The GUID must be unique across decks. Therefore, this subset of field values must be unique, including across decks. You can solve this by prefixing the keys with the name of the deck.
In our script, we ask the user to provide a list of keys as part of their input, along the list of fronts, backs, deck names, ... etc. The users of the package must assign the keys properly, ensuring uniqueness, and refraining from changing / reassigning them afterwards.
This is somewhat straightforward for Marcion's words. Use of Marcion's IDs for synchronization should suffice.

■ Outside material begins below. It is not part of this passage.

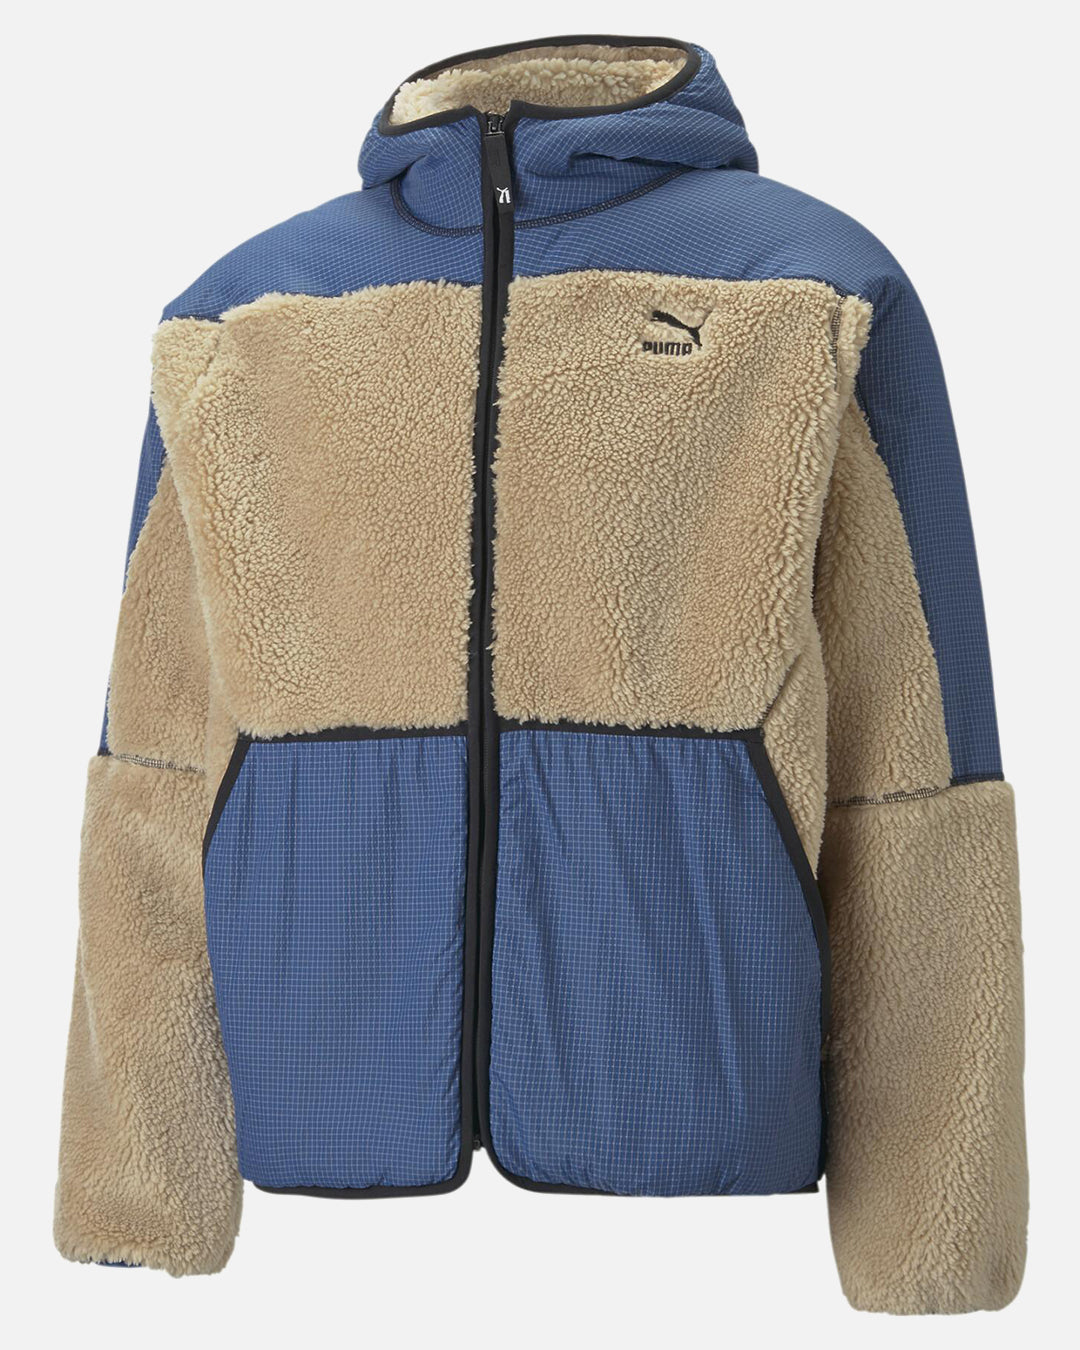 Puma Sherpa Hooded Jacket - Beige/Blue

For the Bible, we could use the verse reference as a note ID, and ensure that the book names, chapter numbers, and verse numbers don't change in a following version.
For other data creators without programming expertise, a sequence number works as long as nobody inserts a new row in the middle of the CSV, which would mess up the keys. Discuss keying with those creators. As of today, only copticsite.com's data has this problem.
- Deck ID
Whenever possible, we use a hardcoded deck ID. This is not possible for decks that are autogenerated, such as the Bible decks which are separated for nesting (as opposed to being grouped in a single deck). In such cases, we use a hash of the deck name, and the deck name becomes a protected field.
- Model ID
Model IDs are hardcoded.
This directory contains the data and logic for generating the morphological dictionaries (to support inflections).
This directory contains the data and logic for creating and publishing our website.
Code is released under GPL-3.0. Lexicon data is released under CC BY-SA 4.0.
Ⲉ̀ϣⲱⲡ ⲁⲓϣⲁⲛⲉⲣⲡⲉⲱⲃϣ Ⲓⲗ̅ⲏ̅ⲙ̅, ⲉⲓⲉ̀ⲉⲣⲡⲱⲃϣ ⲛ̀ⲧⲁⲟⲩⲓⲛⲁⲙ: Ⲡⲁⲗⲁⲥ ⲉϥⲉ̀ϫⲱⲗϫ ⲉ̀ⲧⲁϣ̀ⲃⲱⲃⲓ ⲉ̀ϣⲱⲡ ⲁⲓϣ̀ⲧⲉⲙⲉⲣⲡⲉⲙⲉⲩⲓ.